BIO5’s Genetically Engineered Mouse Models (GEMM) Core, directed by Tom Doetschman, developed a mouse model allowing Granzier to study the mechanisms that underlie this disease.
 
“We genetically engineered this mutation to replicate the human disease in the mouse heart, and then we study the mouse to tease apart the disease mechanism under controlled conditions,” Granzier said.
A different series of genetic alterations in titin’s DNA sequence was found to be the causal defect in about one third of individuals afflicted with a condition called dilated cardiomyopathy – another form of heart failure. Affected individuals frequently develop severe heart failure in their 30s or 40s.
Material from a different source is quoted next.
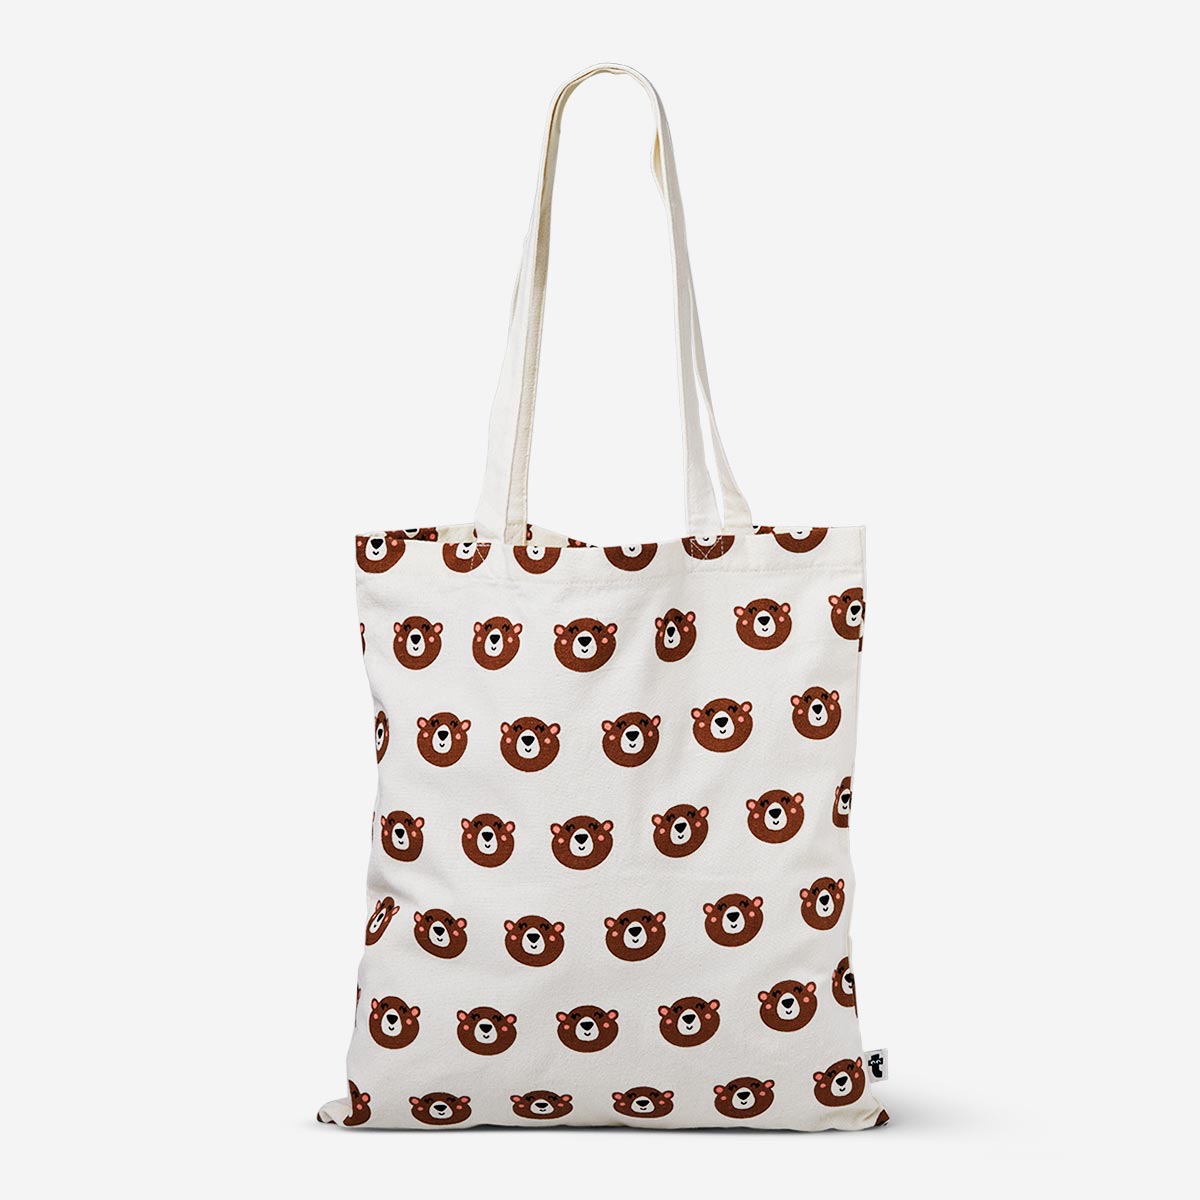 Flying Tiger Copenhagen - This tote bag has definitely raised a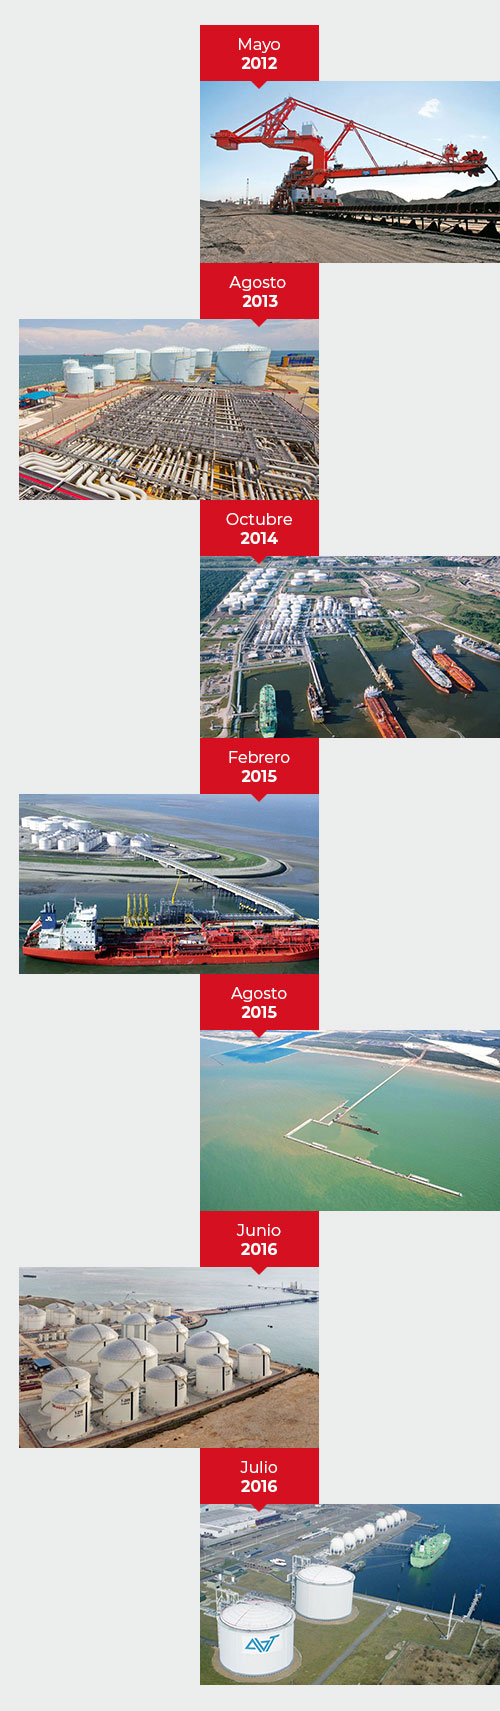 Oiltanking Timeline 2010

“We want to study this in this grant as well,” said Granzier. “How do the mutations lead to the diseased heart?”
 
To find answers, Granzier and his colleagues apply mouse genetics to eliminate certain titin-binding proteins and see how that changes the sensing and the enlargement of the heart.
 
 
“What we want to know is, ‘If you have a certain titin binding partner missing, how does the system respond and possibly cause diseases?'” Granzier said, adding that the six diseases that have so far been linked to titin are likely only the tip of an iceberg.
 
“As more and more high-throughput sequencing technologies become available, my guess is we will find many more diseases that involve titin,” he added. “And as awareness of these defects increases, it will become possible to screen family members for such mutations.”
 
Granzier’s lab has established a worldwide reputation in titin research by studying the protein and its interactions at every scale, from the individual molecule to the entire heart.
 
Using an atomic force microscope, the group can make measurements on single titin molecules.
 
“We can measure characteristics like strength and elasticity of the molecule, and how those are affected by mutations in the titin gene,” Ganzier explained. “We also study the mechanics of single cells isolated from the heart. And we can genetically alter the titin gene, take out pieces or add pieces to it, to mimic the mutations that we know exist in patients.”
 
Through these studies, the group discovered that the mutations that causes ARVC weakens the molecule, causing the “spring structure” to unfold.
 
“Normally the molecule folds into domains,” Granzier said. “It resembles a string of pearls, and when you stretch the molecule, the pearls line up and you pull them taut. But if you have a mutation, it weakens the structure of the domains. The pearls unravel and once the molecule starts breaking down, the mechanical sensing ability is destroyed and the elasticity is messed up.”
 
Although therapies might not become available for a while, knowing what causes the trouble is a critically important first step, Granzier pointed out.
 
Some day, therapeutics could be developed that interact with the weak spot in the mutated titin molecule and make it stronger. Another approach, currently tested for muscular dystrophy, involves drugs homing in on the machinery inside the cell that manufactures the protein from its genetic blueprint, instructing it to skip the mutated parts.
 
“Once we understand the sensing mechanisms of titin and how they are affected by mutations, we could ultimately come up with drugs that lessen the impact of the disease or prevent it altogether,” Granzier said.
 
Under the network grant, the collaboration will exchange expertise, reagents, genetically modified mouse models and researchers to maximize collaboration and results and tackle all aspects of these diseases.
 
“It is a huge honor for Henk and the UA to lead this international, multidisiplinary project from Fondation Leducq to decipher the impact of mutations in contractile proteins on human cardiac myopathies,” said Carol Gregorio, who heads the Molecular Cardiovascular Research Program and is a collaborator on the grant.
In addition to the UA, the main research centers participating on the grant are the University of Heidelberg, Germany; University of California San Diego School of Medicine; National Heart & Lung Institute at the Imperial College London; the University of Liverpool; French biotech company Genethon; and the University of Pennsylvania School of Medicine.